SWAG (Situations With Adversarial Generations)
- Publisher: Facebook AI Research
- Download Address: https://rowanzellers.com/swag/
- Release Year: 2018
- Size: Approximately 2GB (contains 113k situational questions)
- Description: The SWAG dataset contains approximately 113,000 multiple-choice questions based on everyday situations, requiring the model to infer the most likely subsequent event. The application of Chain-of-Thought (CoT) in this dataset is reflected in the model's ability to decompose situational information into multiple steps through step-by-step reasoning, thereby deriving reasonable subsequent actions. Through CoT, the model can better understand the underlying relationships in the context and select the most commonsense answer.

DROP (Discrete Reasoning Over Paragraphs)
- Publisher: Facebook AI Research
- Download Address: https://github.com/allenai/allennlp-reading-comprehension/blob/master/allennlp_rc/eval/drop_eval.py
- Release Year: 2019
- Size: Approximately 2GB (contains over 7,000 passage-based questions)
- Description: The DROP dataset focuses on paragraph-level reasoning tasks, with questions typically involving discrete reasoning such as addition, subtraction, and summation. The application of the Chain-of-Thought (CoT) concept in this dataset is demonstrated through multi-step reasoning and information extraction, enabling the model to extract necessary information from the passage and perform step-by-step reasoning calculations to arrive at the final answer. This step-by-step reasoning approach helps the model achieve higher accuracy in understanding text and performing complex mathematical reasoning.

ReClor (Reasoning with Commonsense Logic)
- Publisher: Tsinghua University
- Download Address: https://whyu.me/reclor/
- Release Year: 2020
- Size: Approximately 1GB (contains over 9,000 reasoning questions)
- Description: The ReClor dataset includes various types of commonsense and logical reasoning questions, requiring models to answer based on commonsense knowledge and logical reasoning. The application of the Chain-of-Thought (CoT) method in this dataset involves breaking down each problem into multiple reasoning steps, enabling the model to derive the correct answer through a more systematic and structured reasoning path. The step-by-step reasoning approach of CoT in the ReClor dataset makes complex reasoning problems easier to understand and solve.

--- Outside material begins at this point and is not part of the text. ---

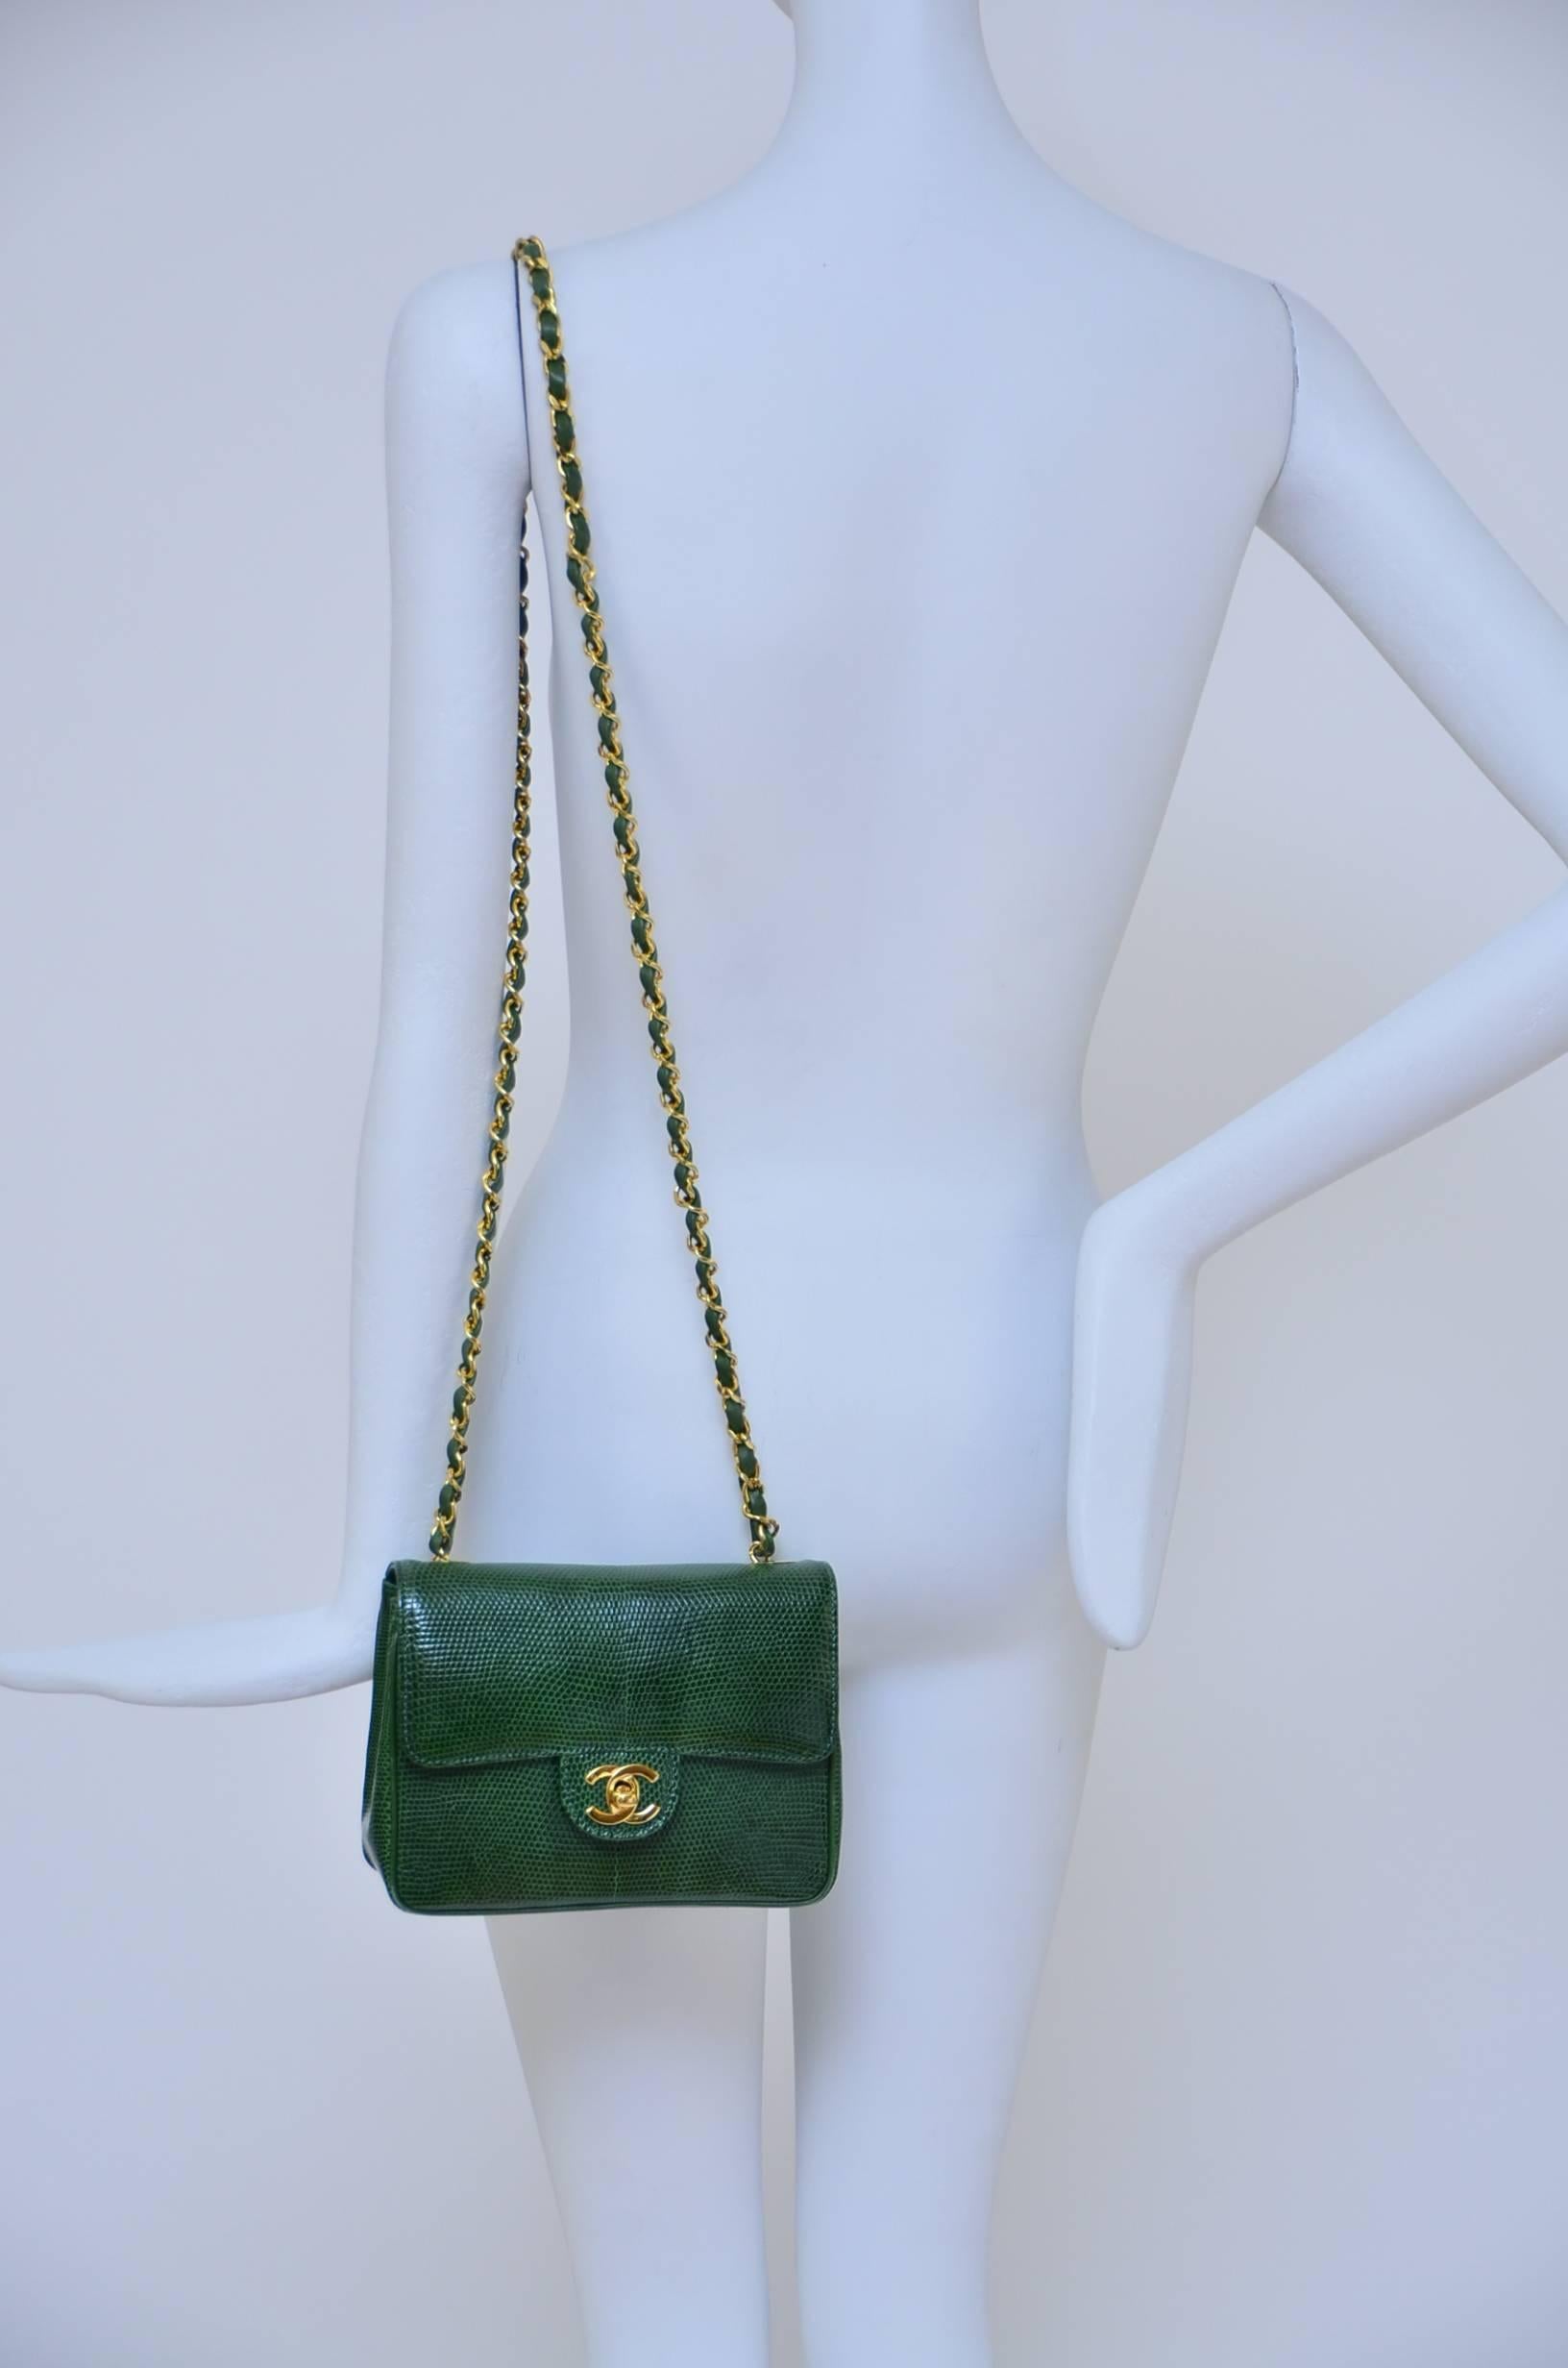 CHANEL Rare Vintage  Emerald Green Lizard Mini Handbag  Excellent 2
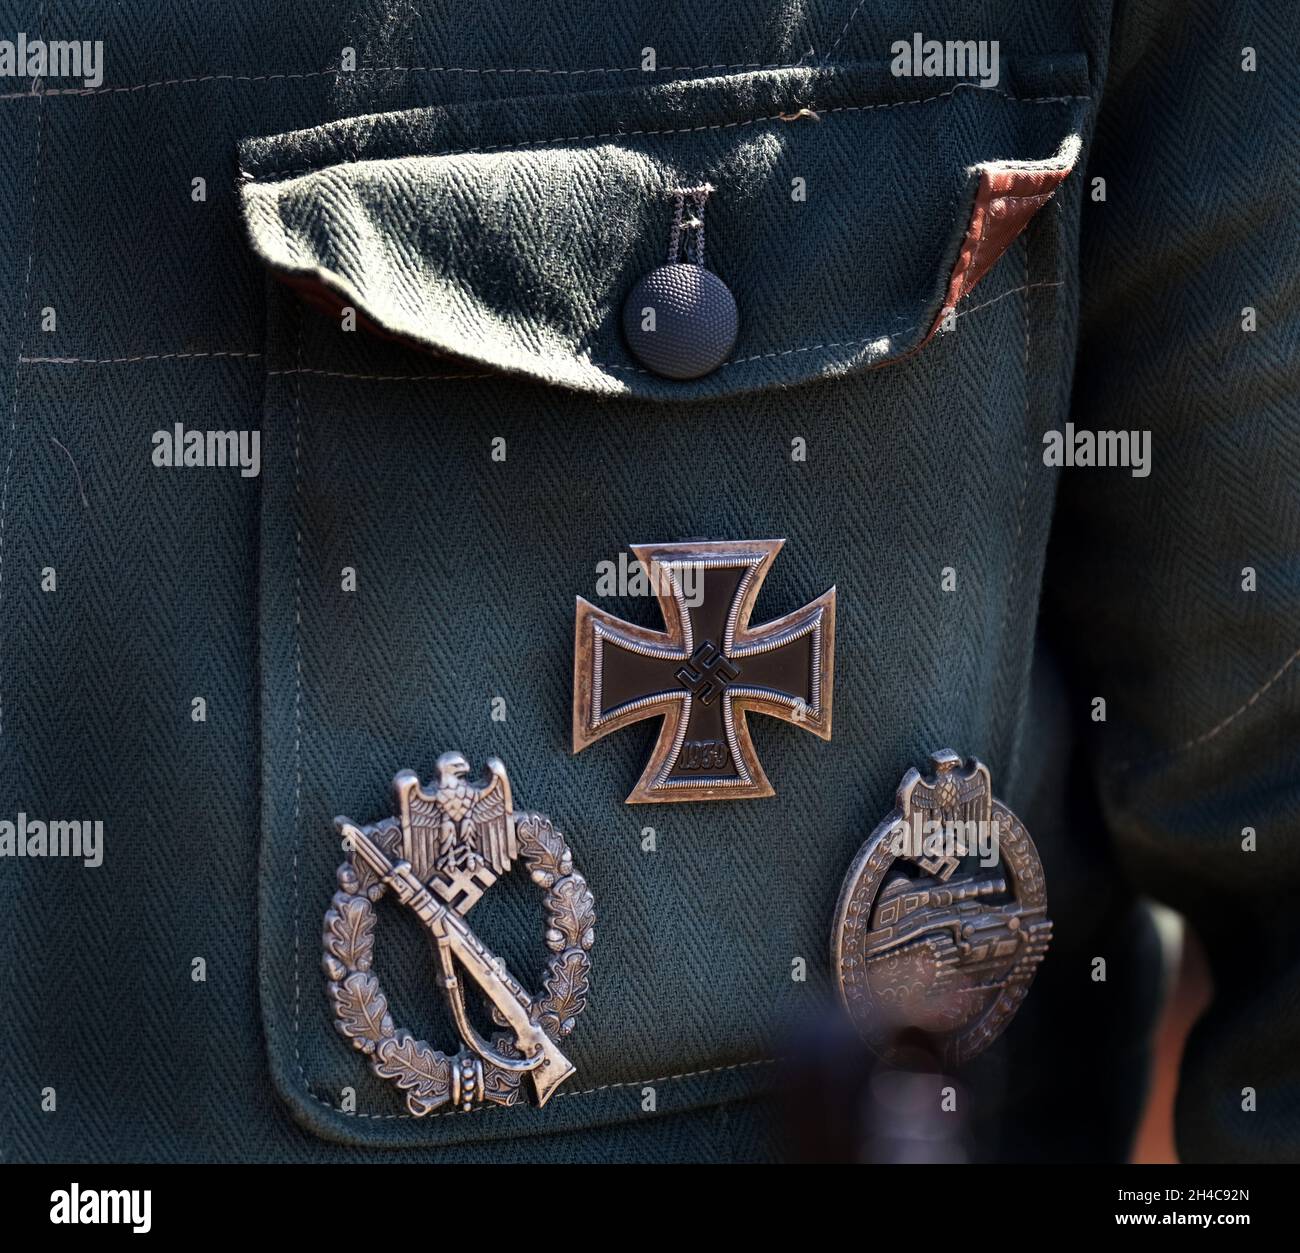 German second world war awards and badges on uniform pocket. Stock Photo

AQUA-RAT (AQUA Reasoning and Answering Task)
- Publisher: Facebook AI Research
- Download Address: https://github.com/google-deepmind/AQuA
- Release Year: 2021
- Size: Approximately 500MB (contains about 10,000 reasoning questions)
- Description: The AQUA-RAT dataset includes open-ended questions that require commonsense reasoning and step-by-step reasoning. The application of Chain-of-Thought (CoT) in this dataset is reflected in helping the model derive answers through multi-step reasoning. Each problem requires the model to decompose the reasoning process, thereby drawing reasonable conclusions based on the provided information and commonsense knowledge. The use of the CoT method enables the model to handle more complex reasoning tasks, improving the accuracy and interpretability of the answers.

Conclusion
In this installment of the Reasoning Dataset Sharing Series, we have focused on introducing diverse datasets based on the Chain-of-Thought (CoT) reasoning method. The Most Comprehensive Reasoning Dataset Sharing Series aims to provide researchers and developers with a rich collection of open-source datasets. In the future, we will continue to publish more articles on reasoning datasets, exploring more challenging reasoning tasks and helping everyone better understand and apply these datasets.